No fusion project has yet managed to produce more energy from the reaction than is required to trigger the reaction in the first place: the so-called Q ratio. To just break-even, Q needs to equal one. 

The best that has been achieved so far is Q of 0.7. To get to commercial fusion, the Q ratio probably needs to be in the teens or low 20s, says Chris Kelsall, Tokamak’s chief executive, who is in charge of steering it towards its goal of a pilot power plant in the 2030s. 

Hired as finance chief in 2020 after a varied career including stints in oil exploration, mining and hydrogen fuel cells, he took the top role after Jonathan Carling stepped down last year for personal reasons.  

“As a generalist, part of my role is to help ensure that our specialists are optimally integrated and there’s no constraints on their effectiveness,” says Kelsall. 

“I've got to unlock that efficiency, but also plot the medium and longer term.

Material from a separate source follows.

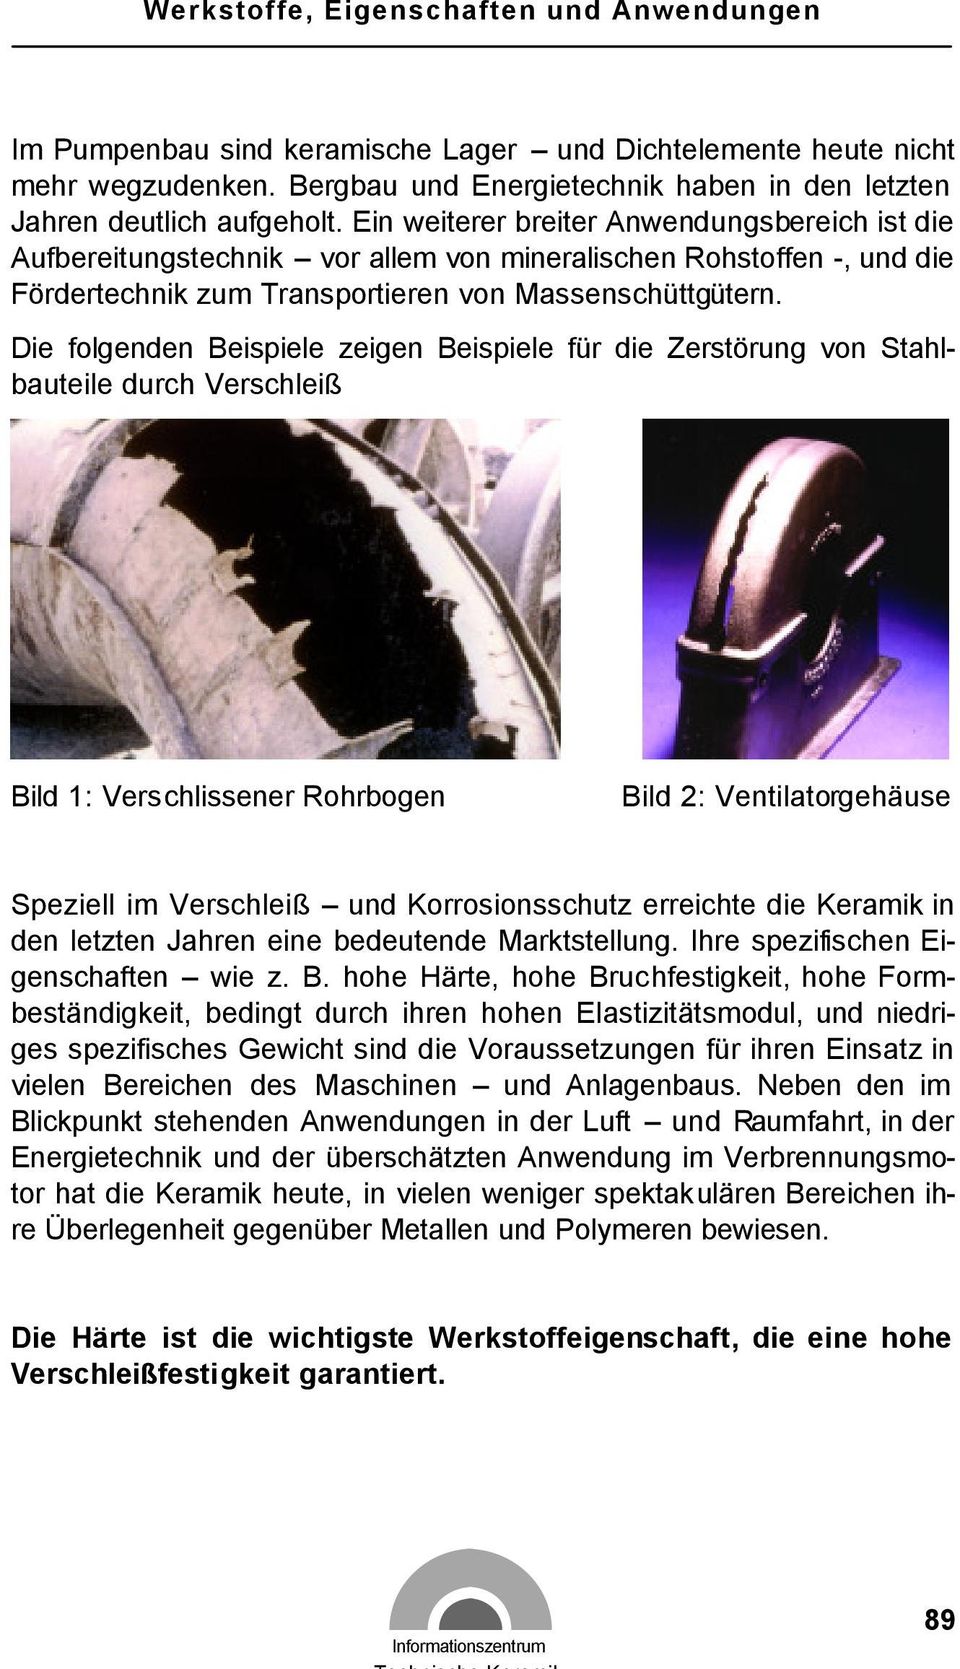 Die folgenden Beispiele zeigen Beispiele für die Zerstörung von Stahlbauteile durch Verschleiß Bild 1: Verschlissener Rohrbogen Bild 2: Ventilatorgehäuse Speziell im Verschleiß und Korrosionsschutz

There are a range of metrics in terms of temperature, density of the plasma and other behavioural characteristics that need to be optimised over long periods of time. 

“We've got to strike a very careful balance around overly focusing our technology roadmap on one milestone, to the detriment of neglecting all the others.”

Inside the tokamak device
Inside the tokamak device Credit: Geoff Pugh for the Telegraph

Having reached the 100m degree Celsius time-frame, Tokamak is pushing ahead with work on improving the design of its tokamak, which is already smaller than others and uses a spherical design that bosses say is more efficient and lower cost. The next will build on advances in superconductors over the last decade.  

“It [the advances] have been a game changer for fusion because you're now able to get far stronger currents through far stronger magnets,” says Kelsall. Tokamak will be seeking fresh, international investment this year as it pushes ahead with its plans. 

Asunta pushes back against sceptics of the technology's potential. “I have no doubts that it will [succeed],” he says. “I really believe that it is the way forward and something we have to pursue,” he says. 

The all-important Q ratio is not necessarily a problem, he adds. “We need bigger devices, we need more powerful devices, and we need more experience. But we are on the path. It’s in our nature that we are always looking at the world thinking, what’s the next problem we can solve.”